Try it –
Below are the records; repeat exactly their lines between the line holding "ASI - AstroSamantha" and the line holding "Умная лампочка iFEEL", inclusive, skipping the pictures.

Material provided –

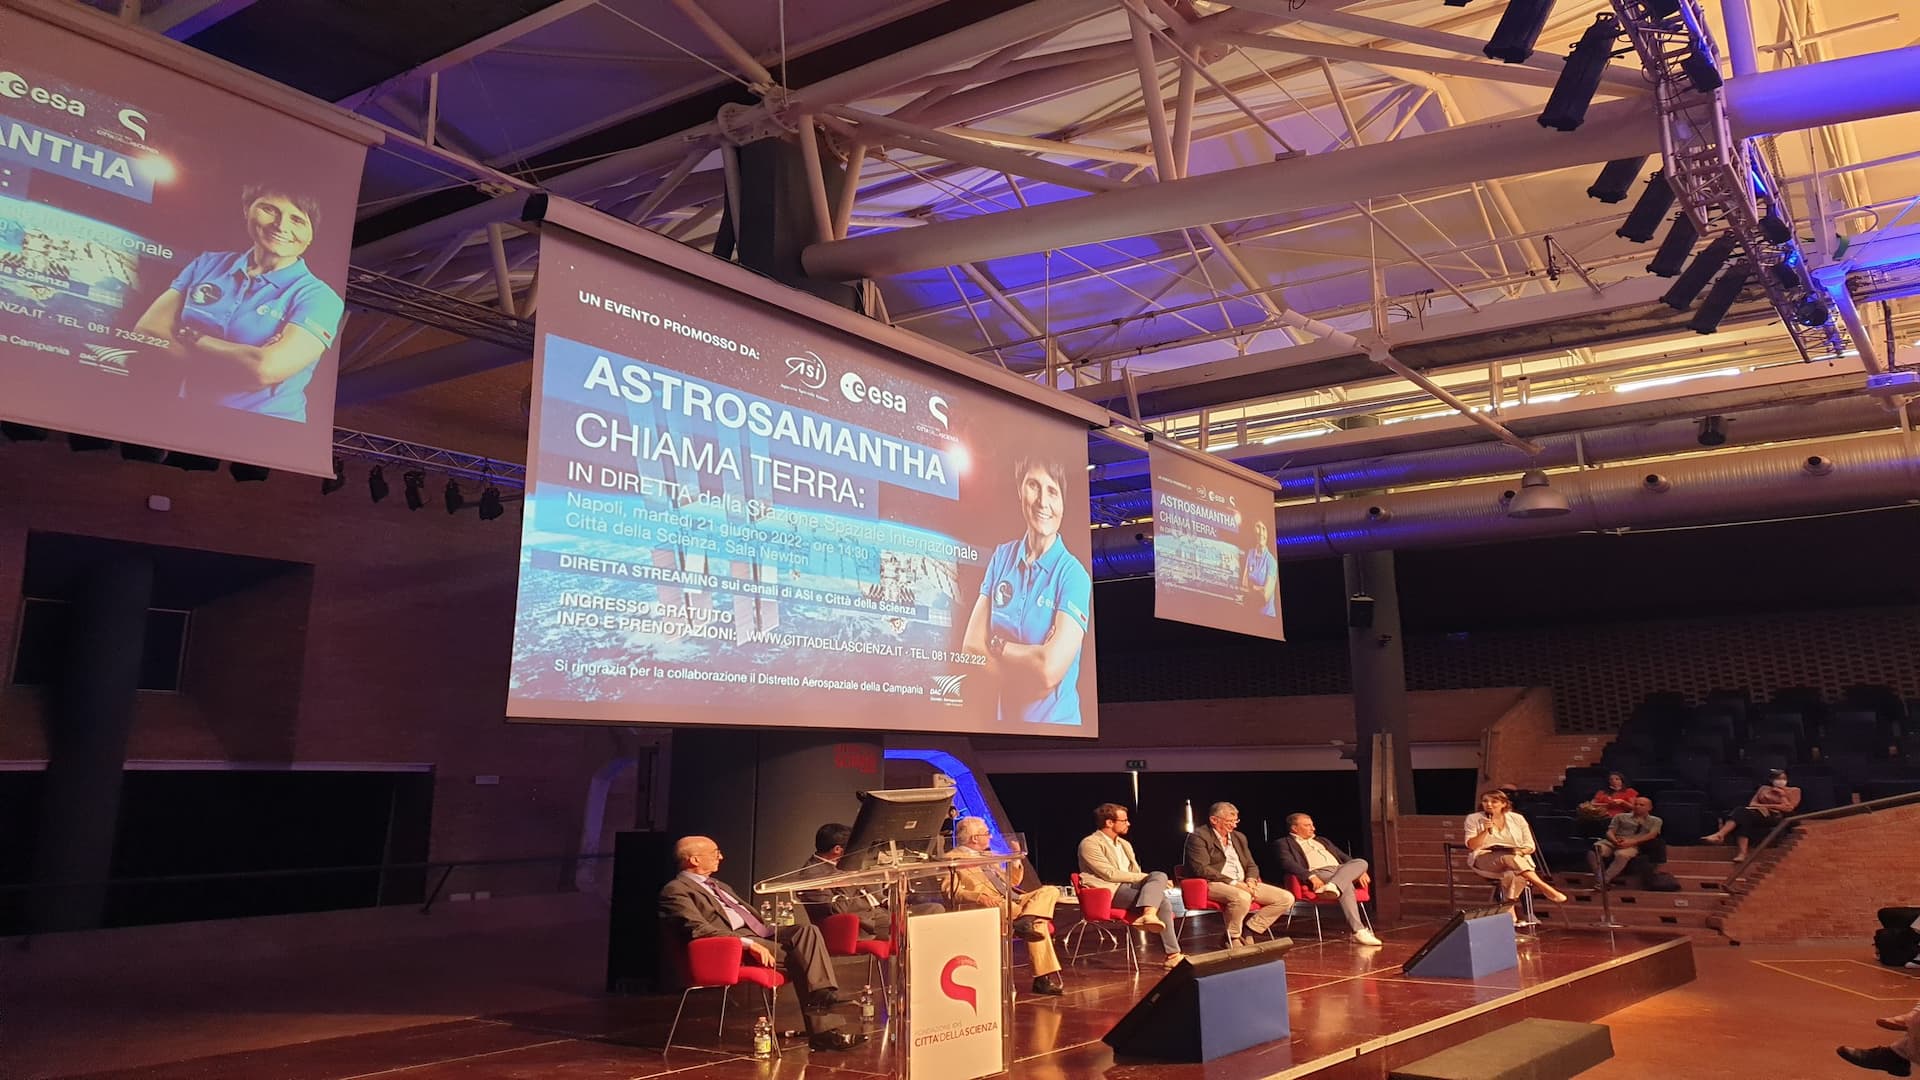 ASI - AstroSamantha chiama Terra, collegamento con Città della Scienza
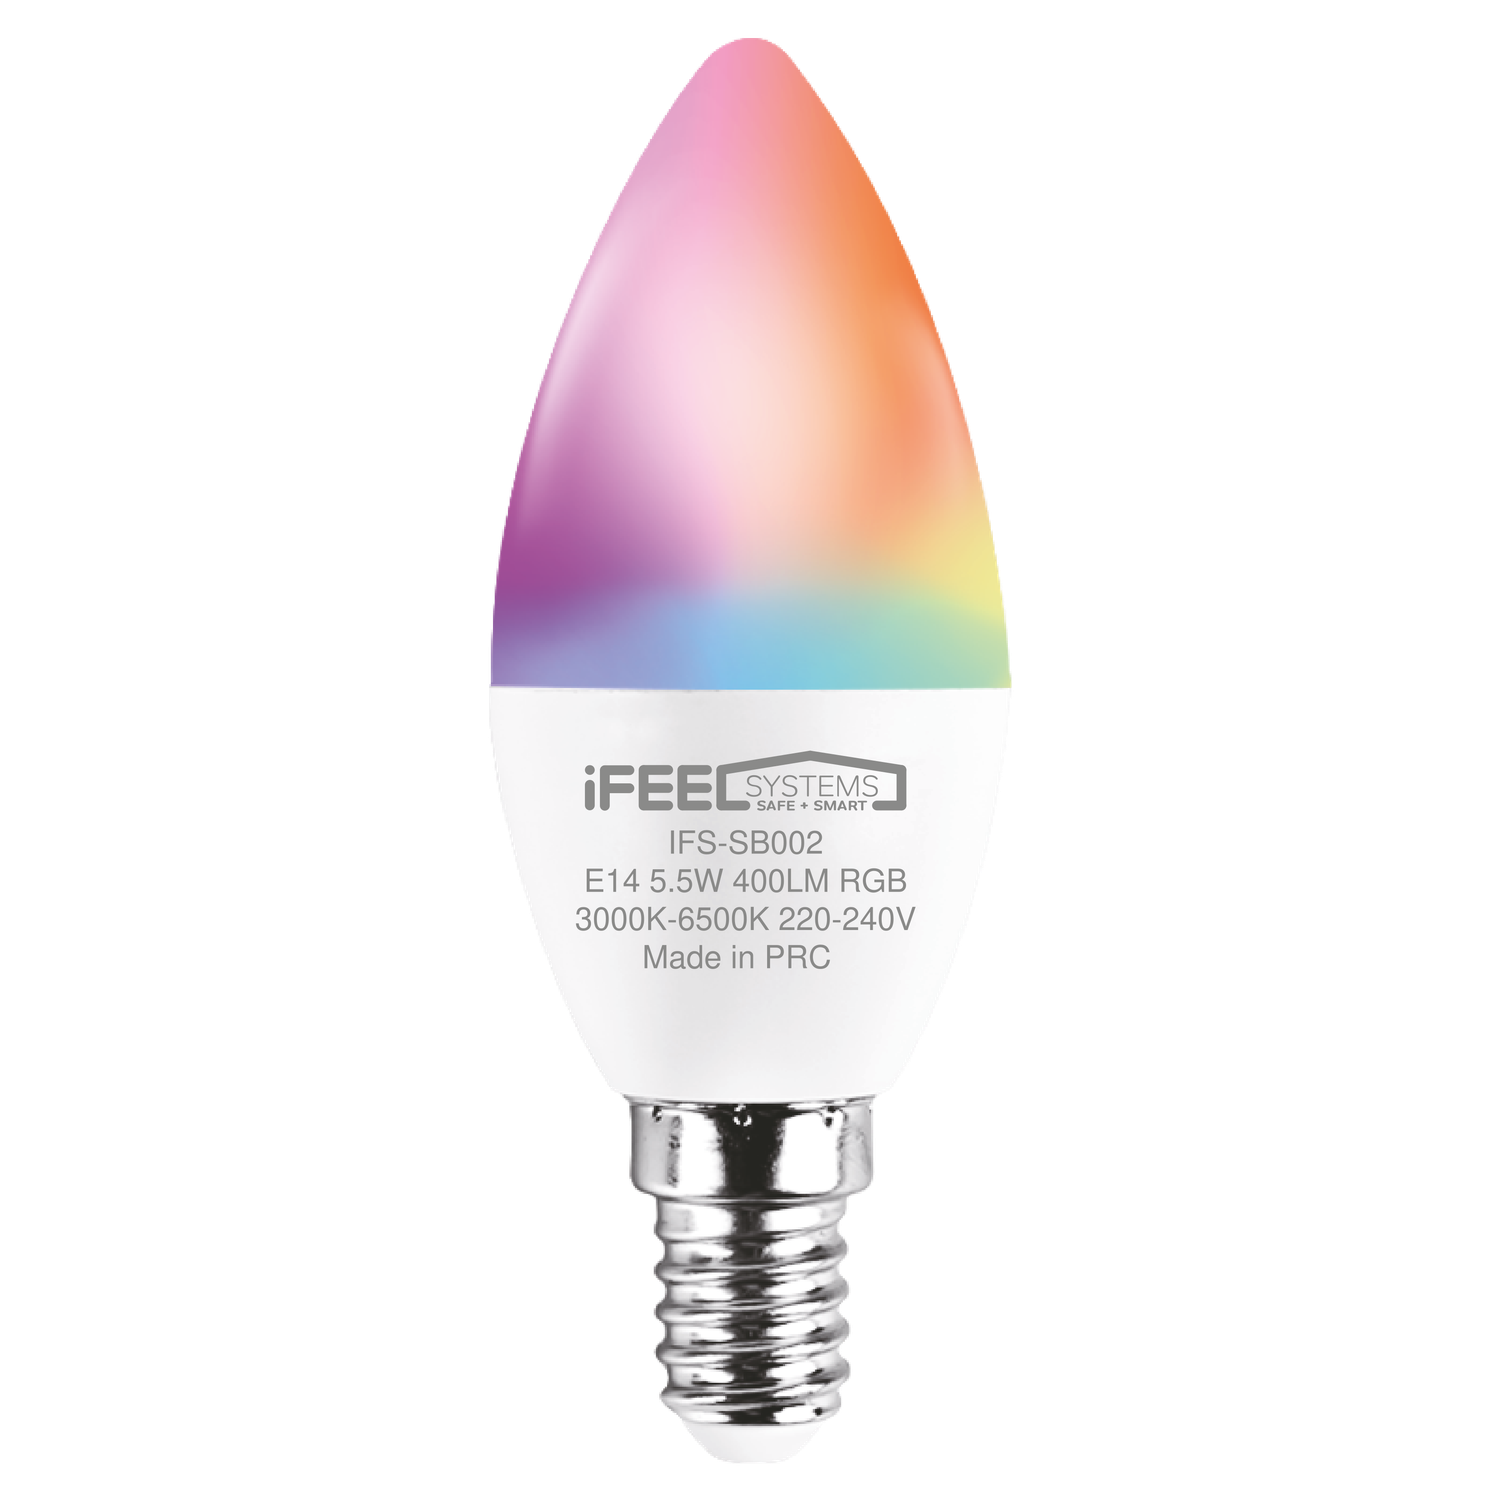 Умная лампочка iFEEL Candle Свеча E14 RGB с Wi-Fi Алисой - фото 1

...

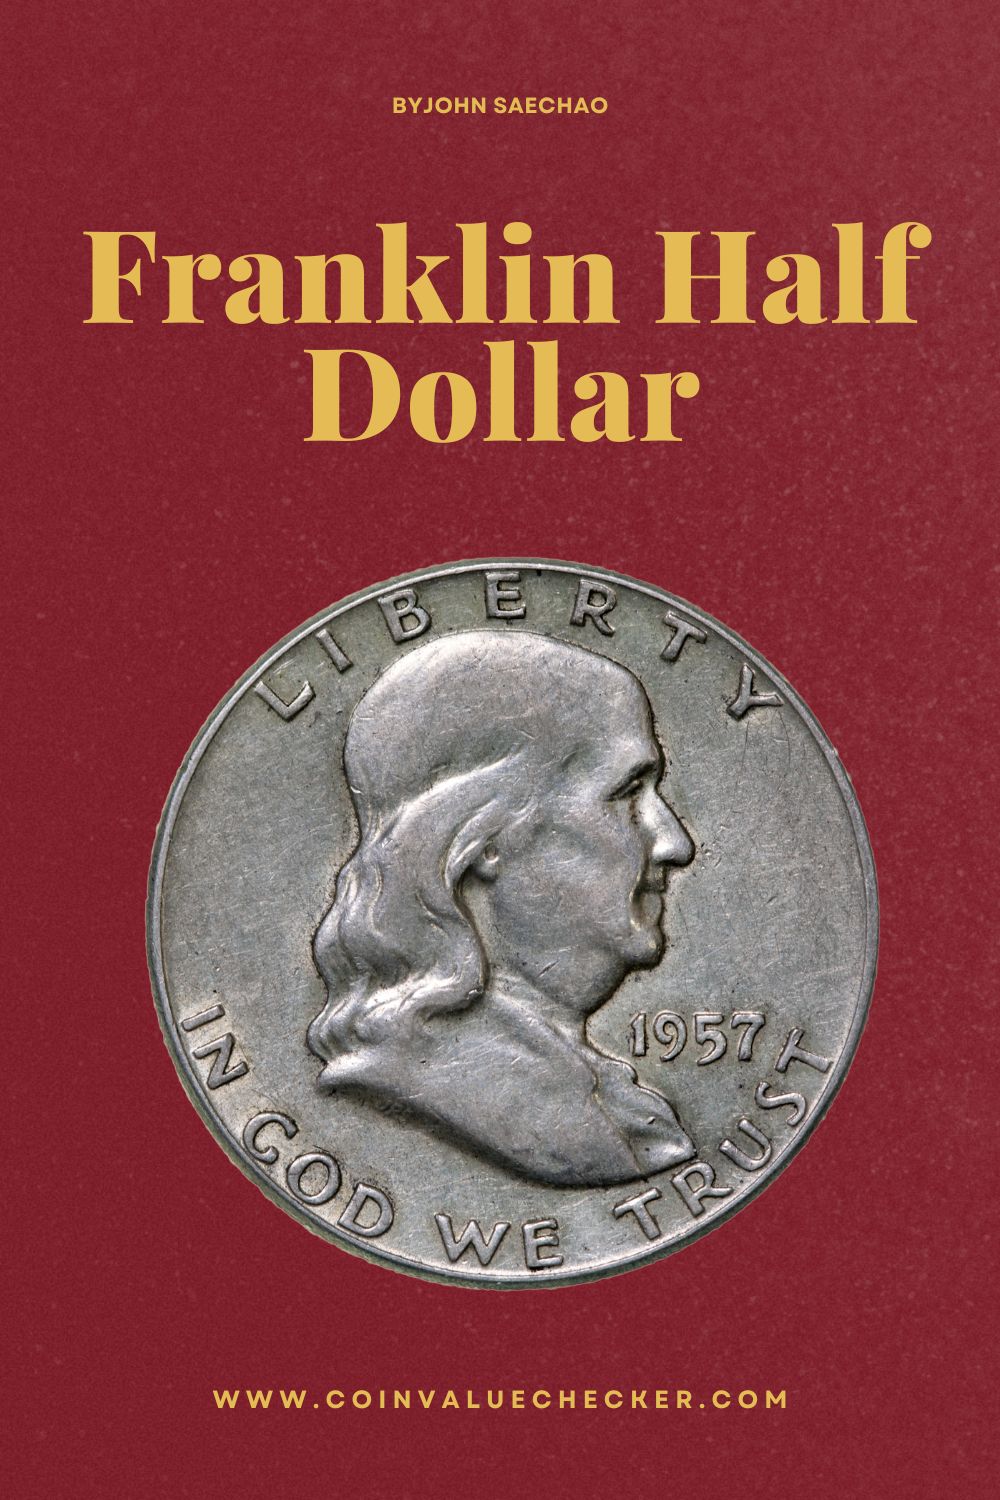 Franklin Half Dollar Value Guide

--

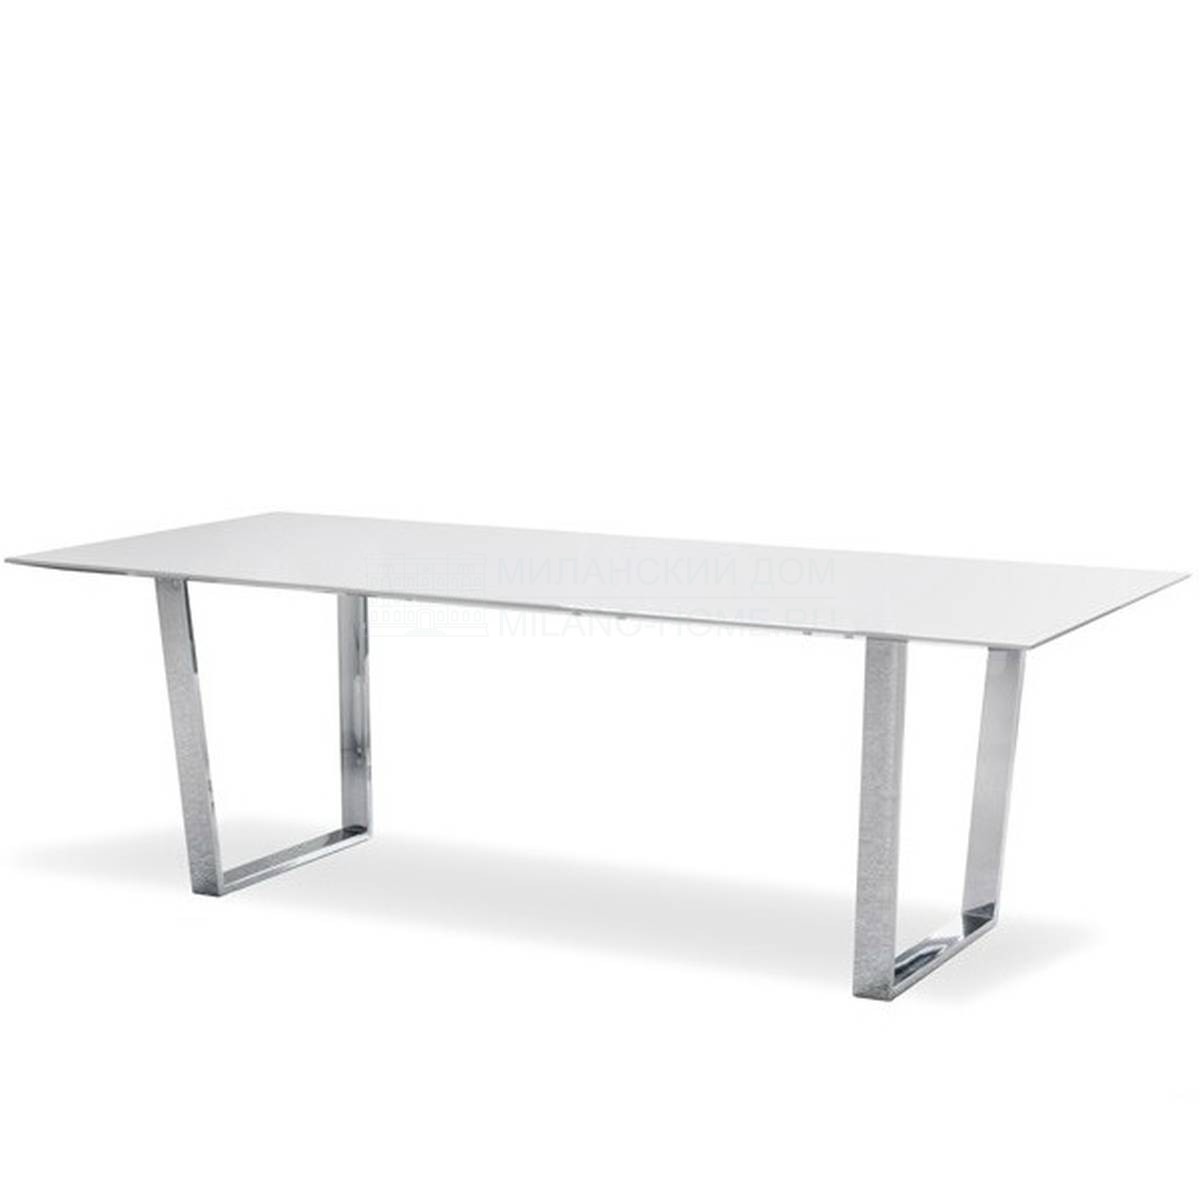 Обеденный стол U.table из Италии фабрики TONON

Answer for the task –
 ASI - AstroSamantha chiama Terra, collegamento con Città della Scienza
 Умная лампочка iFEEL Candle Свеча E14 RGB с Wi-Fi Алисой - фото 1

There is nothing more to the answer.